妻と夫
リリアナは気に障ることをされると、その相手にしっかりと嫌がらせが出来るという、立派な独り立ちをした女性だ。
そして彼女は魔王様には先生と崇められて慕われており、俺はあの純粋な魔王様がリリアナの甘言に乗ればどんな行動を取るのか考えるだけで怖いと脅えた。
そこで臆病な俺は大きく舌打ちをさせるとまず自分の妻の所に戻り、ぐっすりと眠っている妻をゆさゆさと揺すって起こす事にしたのである。
しかし、夫婦の部屋のベッドには空から落ちた女神が転がっていた。
月の光を浴びた妻の髪は金色に輝いて美しく、陽の光の下では本人が浅黒いと悩む肌だって月夜の明りでは青白く、大理石でできたアフロディーテの像を彷彿とさせる美しさだった。
「俺のガラテア。」
彼女の寝姿は胎児のように横になって丸まっているが、そのような格好なのは妊娠して膨らんだ腹が彼女を圧迫してきたからだ。
起こそうと思って寝室を尋ねてきたにもかかわらず、俺は彼女を起こしたくはないと彼女をそっと持ち上げて柔らかなクッションを彼女の下に押し込んだ。
少しでも支えがあれば彼女が楽になるかもと、その場しのぎの俺の浅はかな考えでしかないが、ゆっくりと下に降ろされた彼女の寝顔が安らかにも見えて俺は彼女の寝顔にほっと溜息を吐いた。
涙もぽたりと彼女の頬に落ちて、俺は慌ててしまったが。
子供を産んだことがある領民に聞けば、妻の腹は五か月半という月数の割には少し大きすぎるという事なのだ。
ただでさえ相手が竜という尋常でない妊娠であるため、俺は彼女の姿を見るたびにびくびくと脅える様になっている。
そういえば最近は彼女と会話をどれだけしただろうかと、眠る彼女の手を両手で握って涙をまた一つ零した。
「ああ、怖い。君がいなくなってしまう事が一番怖い。赤ん坊など出来ない方が良かったと考えてしまう自分が嫌だ。ああ、君がいなくなってしまったら俺はどうなってしまうのだろう。」
ベッドの脇にしゃがみ込み、彼女の横にありたいとベッドに頭だけでも乗せ上げると、彼女の腹から太鼓を打ち鳴らすような心臓の音が聞こえた。
雷鳴のように俺に響き、俺は自分の子供という存在を初めて受け取ったと完全にその音に感動して痺れ切っていた。

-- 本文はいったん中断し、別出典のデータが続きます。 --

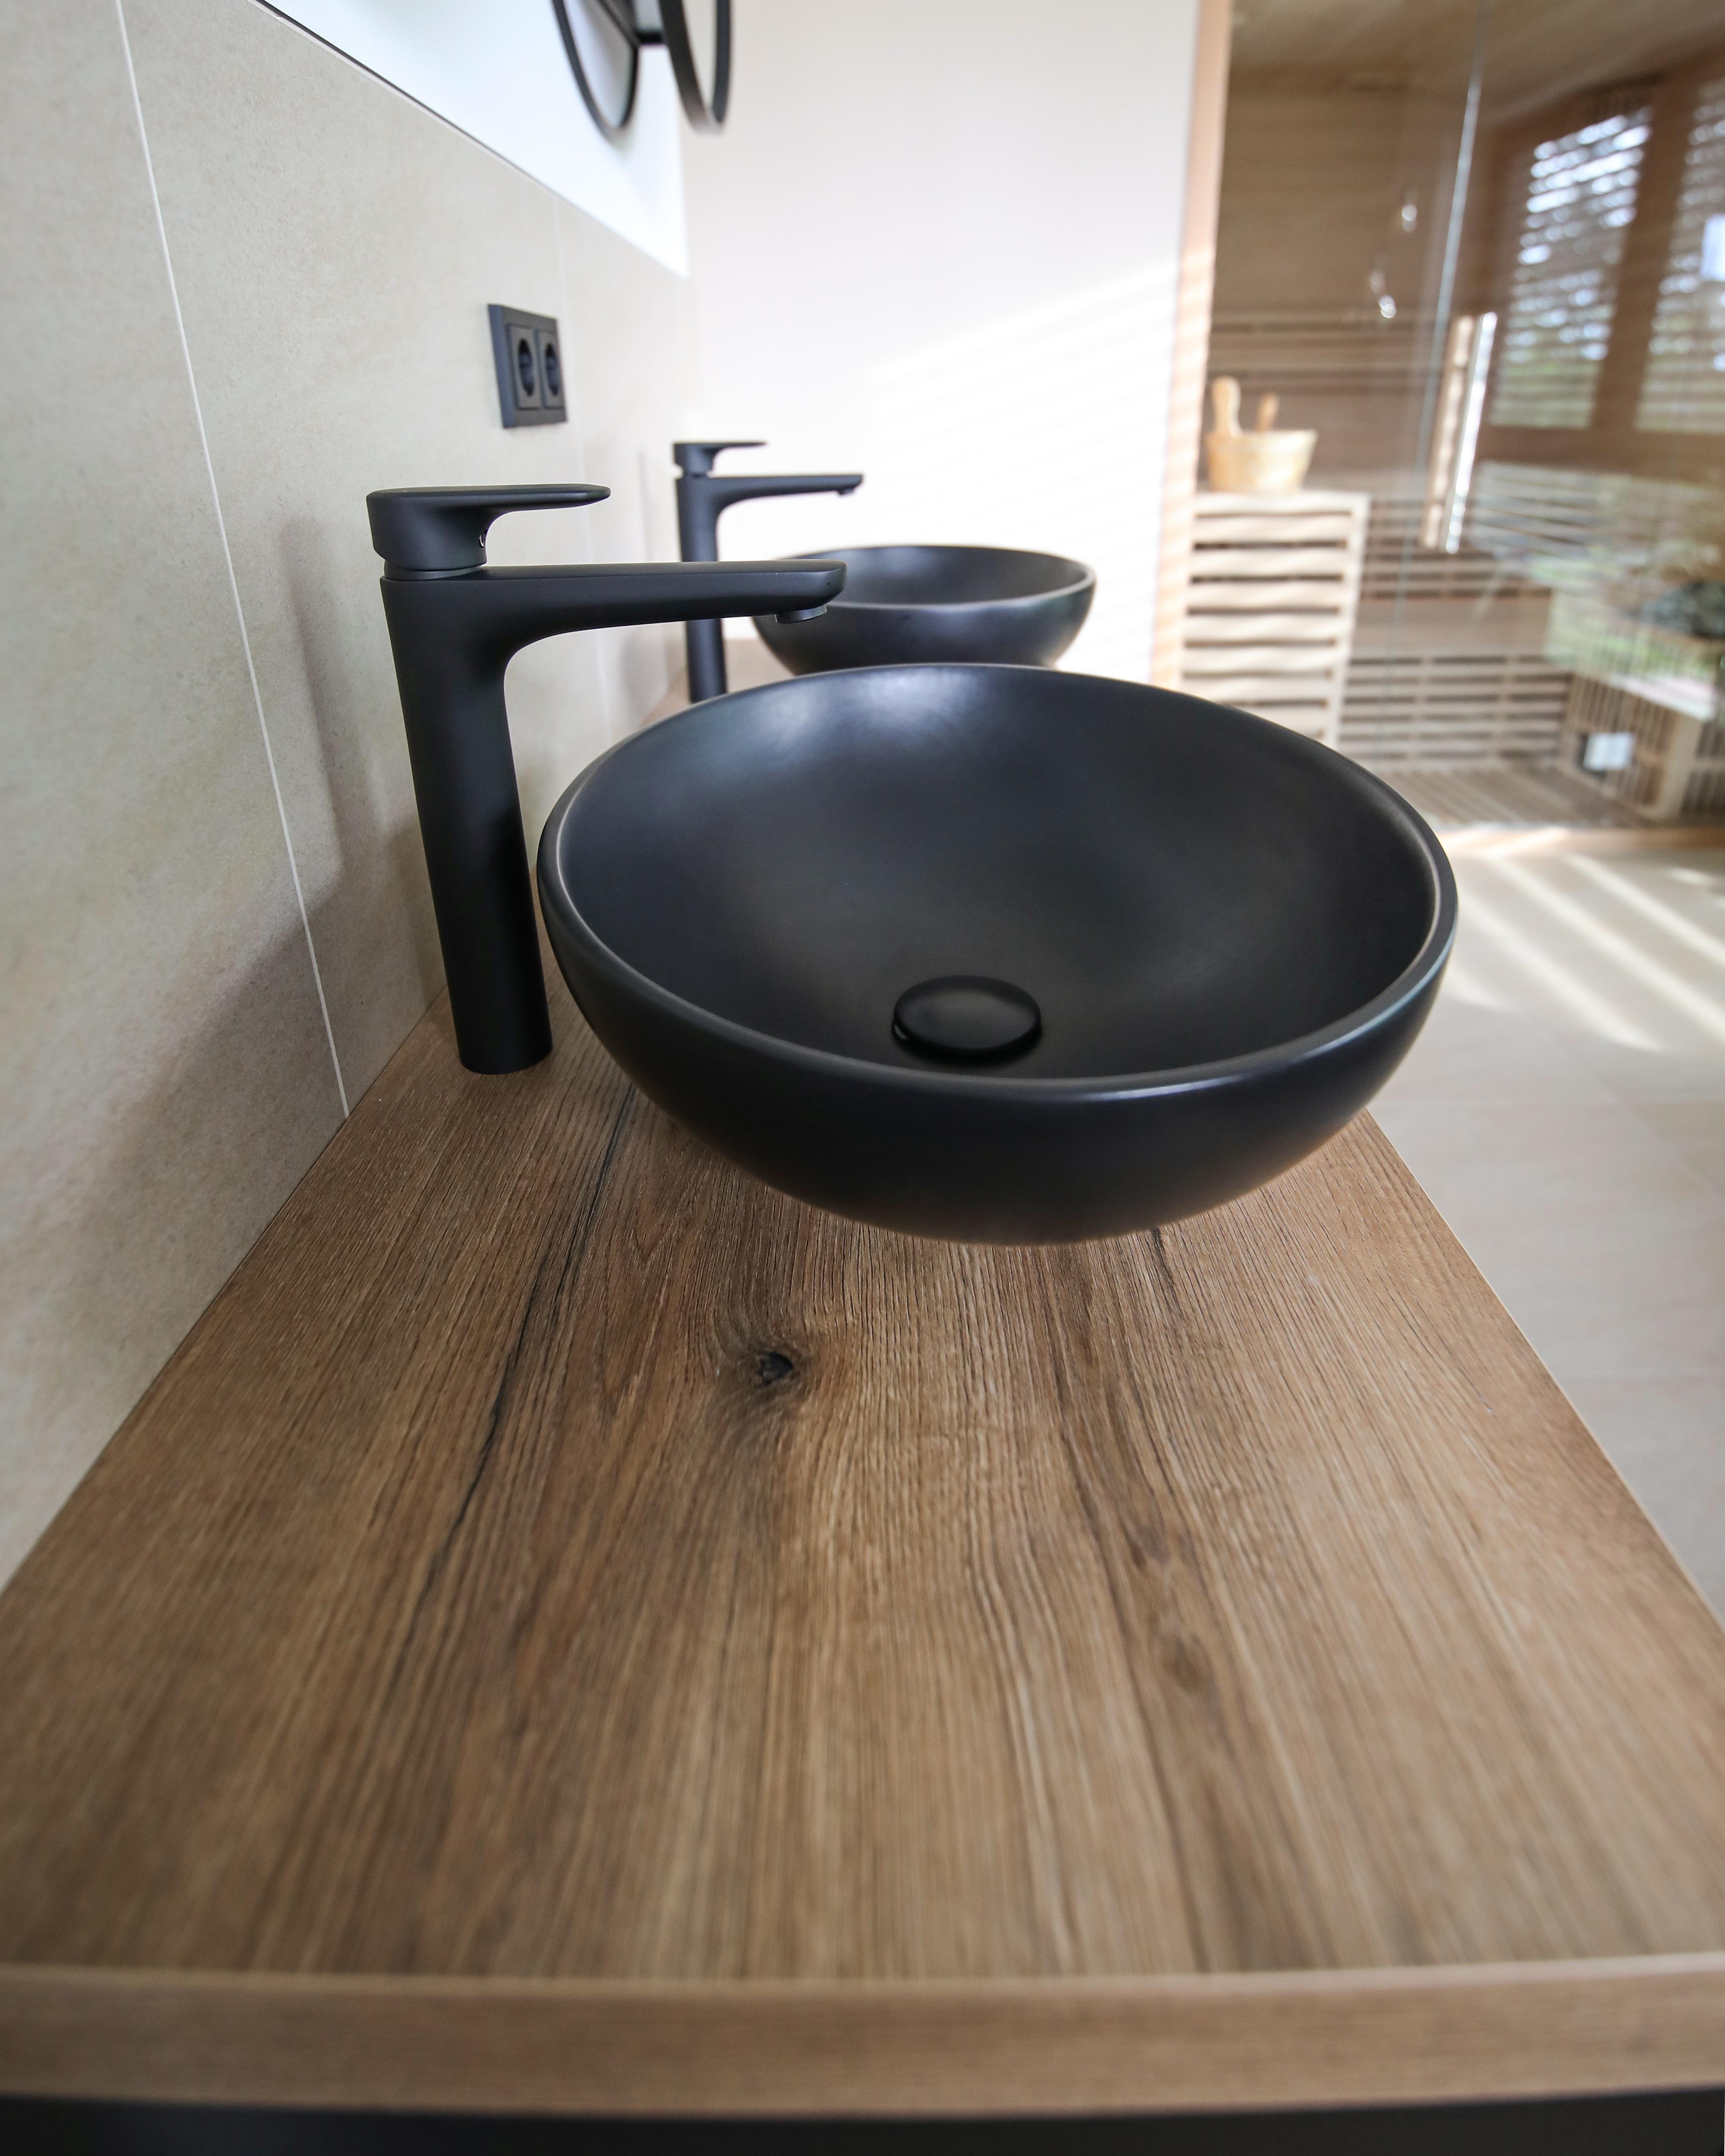 Waschtisch ☺️ #waschtisch #waschtisch #schwarz #industrial #badezimmer #sauna 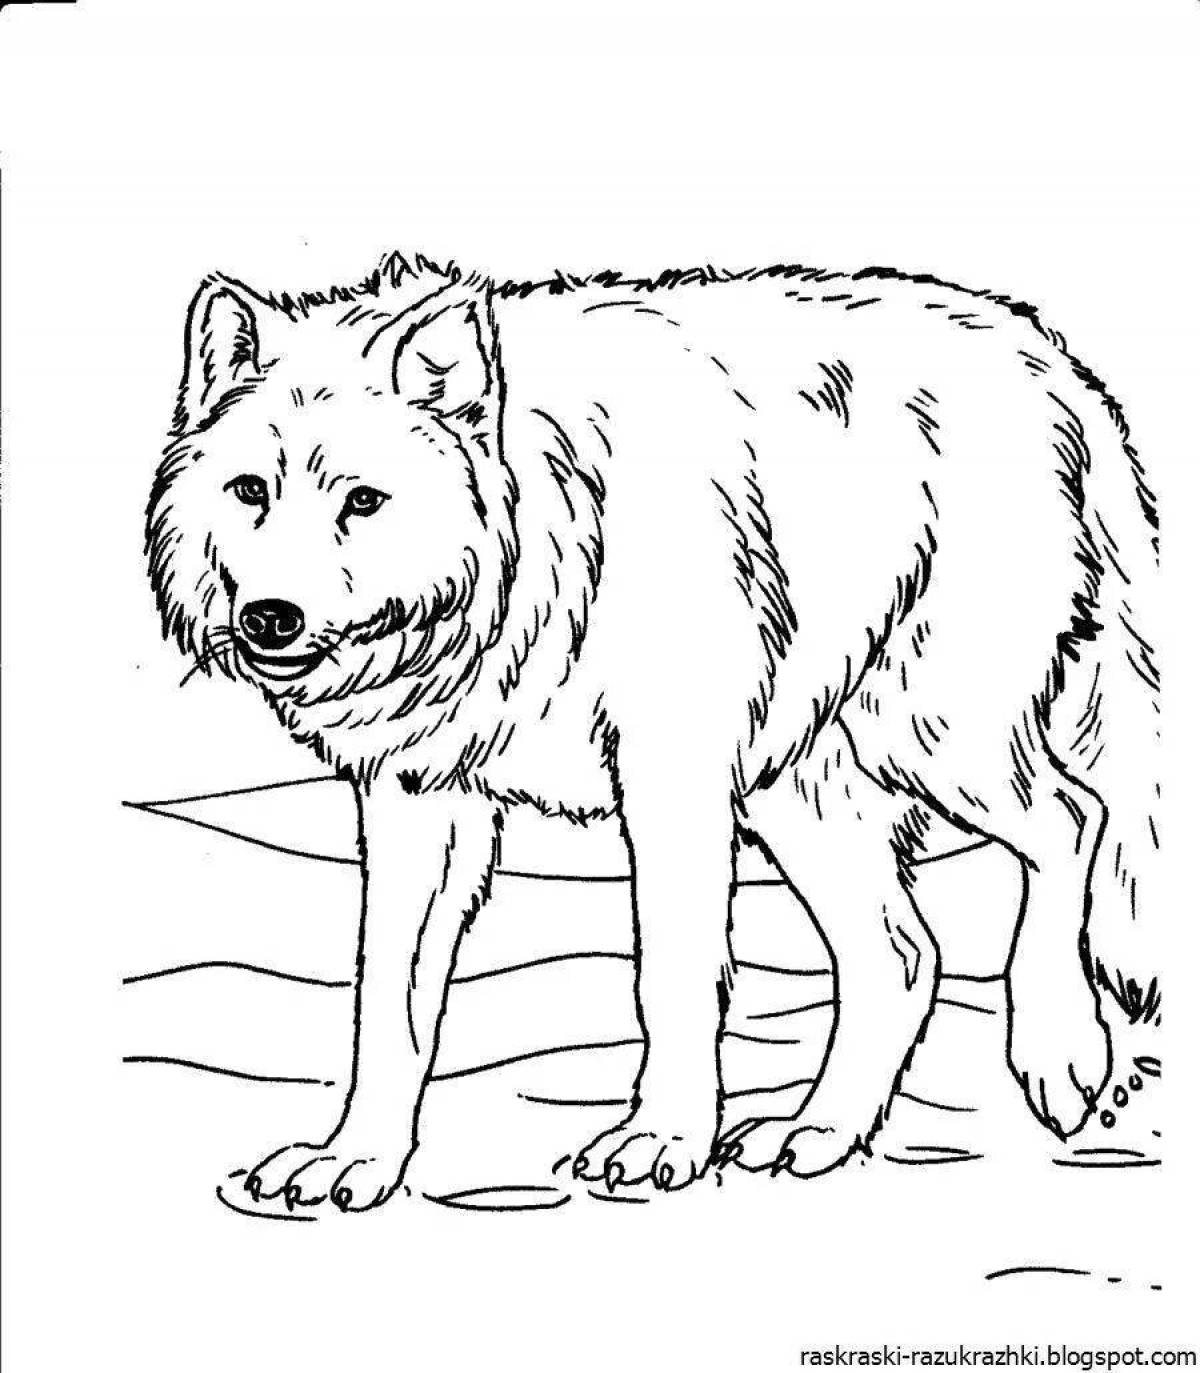 Распечатать раскраску дикие животные. Раскраска волк. Волк раскраска для детей. Раскраска "Дикие животные". Дикие животные раскраска для детей.

そのうちに俺は自分が無意識に右手を伸ばしており、エレノーラの腹を撫でていたという事に気が付く有様だ。
「お前は力強い子だね。ぜったいにお母さんを守るんだよ。」
俺は左手で掴んでいたエレノーラの手の甲にキスをすると立ち上がり、それから彼女達の安寧を守るための仕事に戻ることにした。
アルバートル達が戦闘を始めるまであと少しだ。
「あなた?」
俺の足は止まり、俺は後ろを振り返った。
エレノーラは起き上がって俺を見つめて微笑んでおり、俺は彼女の美しい笑顔に頭がぼうっとなった。
「あなた?どちらに行かれるの?私で役に立つことがあるのかしら。」
君の笑顔で俺は全てが報われた、とか俺は言って妻を横にさせるべきだろうが、エレノーラがこの領地にやって来てから十四年間、俺に染み付いた習性は抜けないようだ。
「ごめん。アルバートルに頼まれて、えと、あのさ、起きたのだったらリリアナを起こすの手伝ってくれる?」
エレノーラはうふっと素晴らしい笑顔を俺に見せると、さっさと横になって寝直し始めた。
「え、どうして!起きて!エレ!お願いだよ!助けて!」
俺は大事にしなければいけないはずの身重な妻をゆさゆさと揺さぶっていた。